Roxanne goes out of town for a week, and leaves her hotel address with C.D. so Chris can write. Instead of telling Chris, C D. writes her three times a day, each letter more incredible than the last. As he is writing a new letter to her in Dixie's, he is told Chris is on his way to see Roxanne as she returned early, so he leaves the letter behind to find Chris. C.D., at Roxanne's and after a game of ding dong ditch, warns Chris she may mention letters he supposedly wrote. She tries to get Chris to be the man in the letters, revealing his looks are only secondary for her. Feeling ill, knowing his looks are all he has, he runs out, leaving her confused. Dixie puts the last letter under Roxanne's door with a note revealing C.D. as the author. After reading it, Roxanne calls him over.

Chris prepares to leave town with bartender Sandy, who he met while Roxanne was away. When she asks if he has told Roxanne (the women know each other), he replies that he will write her a letter.

C.D. arrives, unaware that Roxanne knows the truth. She asks him to read one of the letters and then look at the back, which shows that Dixie revealed he's the author. She explodes in anger that he lied to her, punching him in the nose. He retorts that he simply wanted to tell her how he felt, but she was only interested in Chris's looks. When he reminds her that it only took a few nice words for Chris to get her into bed, she throws him out. Before he can say more, he stops and sniffs the air. Slowly walking back to the firehouse, he alerts his team, who then "follows his nose" until they find and extinguish a fire in a barn that if not contained, could burn down the entire town. During their celebration afterwards someone mentions his nose and although everyone expects C.D. will get upset, for once he doesn't.

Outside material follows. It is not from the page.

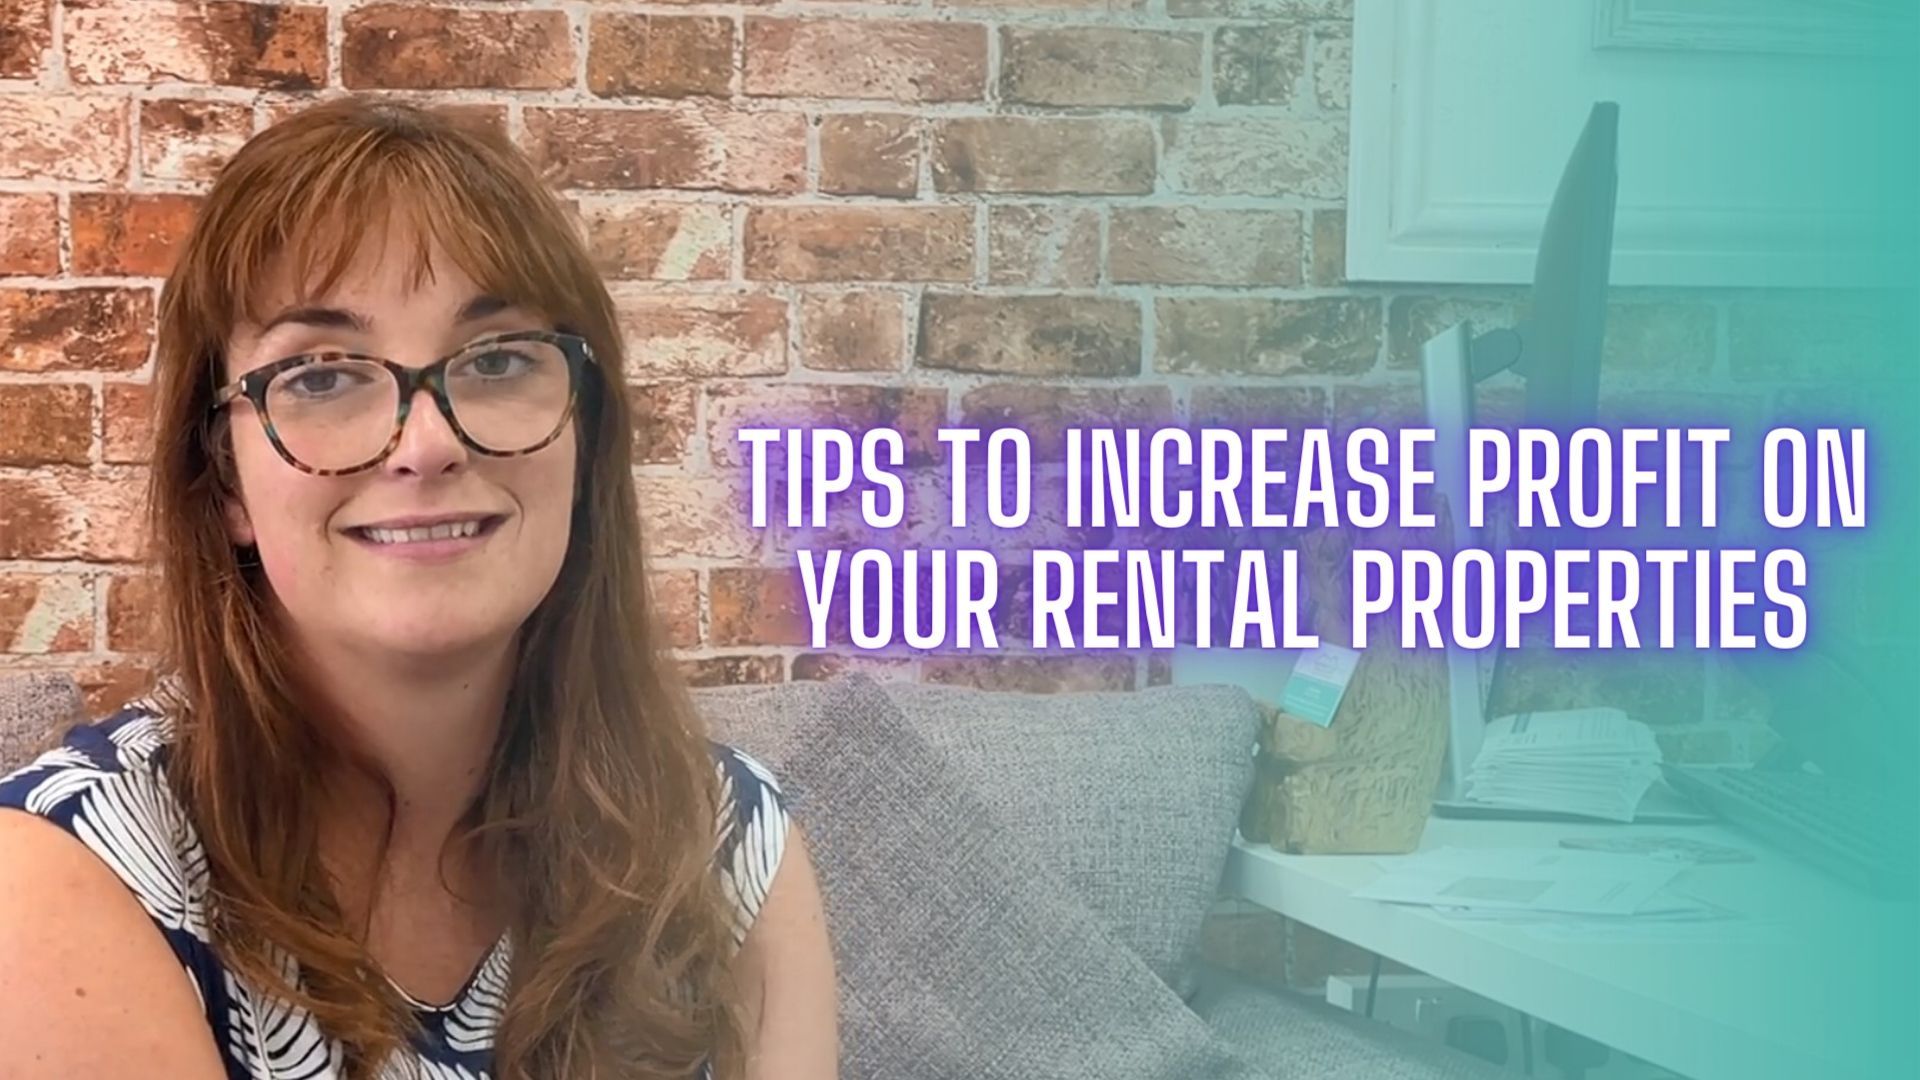 VIDEO: Tips to Increase Profit On Your Rental Properties

On his roof, C.D. hears someone speaking his words to him. It's Roxanne, declaring she realizes it is his personality that she loves, not Chris' looks. After she declares her love, C.D. stylishly descends from the roof and they reconcile. In the credits, she reveals she named the comet "Charlie" (C.D.'s first name), after her father.

Cast 

Steve Martin as Charlie "C.D." Bales
Daryl Hannah as Roxanne Kowalski
Rick Rossovich as Chris McConnell
Shelley Duvall as Dixie
John Kapelos as Chuck
Fred Willard as Mayor Deebs
Max Alexander as Dean
Michael J. Pollard as Andy
Steve Mittleman as Ralston
Damon Wayans as Jerry
Matt Lattanzi as Trent
Shandra Beri as Sandy
Jean Sincere as Nina
Thom Curley as Jim (the darts player C.D. takes to task)
Ritch Shydner and Kevin Nealon as Drunk #1 and #2 (C.D. fights them in the opening scene)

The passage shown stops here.